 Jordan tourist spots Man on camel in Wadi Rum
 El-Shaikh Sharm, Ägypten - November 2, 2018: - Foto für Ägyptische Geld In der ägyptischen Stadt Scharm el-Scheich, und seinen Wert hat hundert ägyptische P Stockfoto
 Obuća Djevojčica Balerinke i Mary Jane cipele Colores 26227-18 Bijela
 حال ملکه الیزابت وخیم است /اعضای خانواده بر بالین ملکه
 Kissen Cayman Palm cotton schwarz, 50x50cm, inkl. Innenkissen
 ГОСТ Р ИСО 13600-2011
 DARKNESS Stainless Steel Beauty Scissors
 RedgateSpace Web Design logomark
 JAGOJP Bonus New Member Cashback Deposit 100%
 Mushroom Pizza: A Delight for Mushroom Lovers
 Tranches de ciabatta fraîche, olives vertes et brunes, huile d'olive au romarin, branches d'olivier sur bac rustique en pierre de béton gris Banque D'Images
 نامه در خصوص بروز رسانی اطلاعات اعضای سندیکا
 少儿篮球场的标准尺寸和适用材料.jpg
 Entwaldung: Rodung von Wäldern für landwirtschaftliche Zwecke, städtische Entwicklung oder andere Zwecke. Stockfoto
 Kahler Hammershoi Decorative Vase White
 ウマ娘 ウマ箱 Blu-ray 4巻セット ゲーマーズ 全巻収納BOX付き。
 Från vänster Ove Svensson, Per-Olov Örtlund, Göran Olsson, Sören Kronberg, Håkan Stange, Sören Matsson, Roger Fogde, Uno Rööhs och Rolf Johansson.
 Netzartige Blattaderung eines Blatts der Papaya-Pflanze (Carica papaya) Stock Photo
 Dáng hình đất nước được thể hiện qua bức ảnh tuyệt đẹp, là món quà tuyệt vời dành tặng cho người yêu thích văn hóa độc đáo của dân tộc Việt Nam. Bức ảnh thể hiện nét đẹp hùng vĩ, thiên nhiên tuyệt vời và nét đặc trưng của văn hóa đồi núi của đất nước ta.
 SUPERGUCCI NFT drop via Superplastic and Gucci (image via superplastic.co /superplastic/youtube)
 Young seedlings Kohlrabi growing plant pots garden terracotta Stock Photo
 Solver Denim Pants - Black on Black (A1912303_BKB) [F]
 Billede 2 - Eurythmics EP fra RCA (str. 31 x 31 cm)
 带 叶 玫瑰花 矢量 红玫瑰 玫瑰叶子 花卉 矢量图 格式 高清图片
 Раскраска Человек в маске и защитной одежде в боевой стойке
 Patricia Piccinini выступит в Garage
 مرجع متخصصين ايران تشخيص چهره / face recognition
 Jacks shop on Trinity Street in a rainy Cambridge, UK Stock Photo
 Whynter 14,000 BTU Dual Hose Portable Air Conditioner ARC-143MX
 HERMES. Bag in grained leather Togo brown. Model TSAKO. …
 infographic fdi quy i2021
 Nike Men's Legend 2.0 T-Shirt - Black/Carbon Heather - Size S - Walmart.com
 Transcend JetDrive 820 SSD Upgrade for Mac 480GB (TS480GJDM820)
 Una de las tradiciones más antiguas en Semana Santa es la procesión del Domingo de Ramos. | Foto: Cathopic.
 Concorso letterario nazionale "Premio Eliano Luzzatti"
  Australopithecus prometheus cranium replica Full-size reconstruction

========================================================================

ASSIGNMENT: Copy the lines above exactly, beginning at the line containing "مرجع متخصصين ايران" and stopping at the last line.

EXPECTED ANSWER:
 مرجع متخصصين ايران تشخيص چهره / face recognition
 Jacks shop on Trinity Street in a rainy Cambridge, UK Stock Photo
 Whynter 14,000 BTU Dual Hose Portable Air Conditioner ARC-143MX
 HERMES. Bag in grained leather Togo brown. Model TSAKO. …
 infographic fdi quy i2021
 Nike Men's Legend 2.0 T-Shirt - Black/Carbon Heather - Size S - Walmart.com
 Transcend JetDrive 820 SSD Upgrade for Mac 480GB (TS480GJDM820)
 Una de las tradiciones más antiguas en Semana Santa es la procesión del Domingo de Ramos. | Foto: Cathopic.
 Concorso letterario nazionale "Premio Eliano Luzzatti"
  Australopithecus prometheus cranium replica Full-size reconstruction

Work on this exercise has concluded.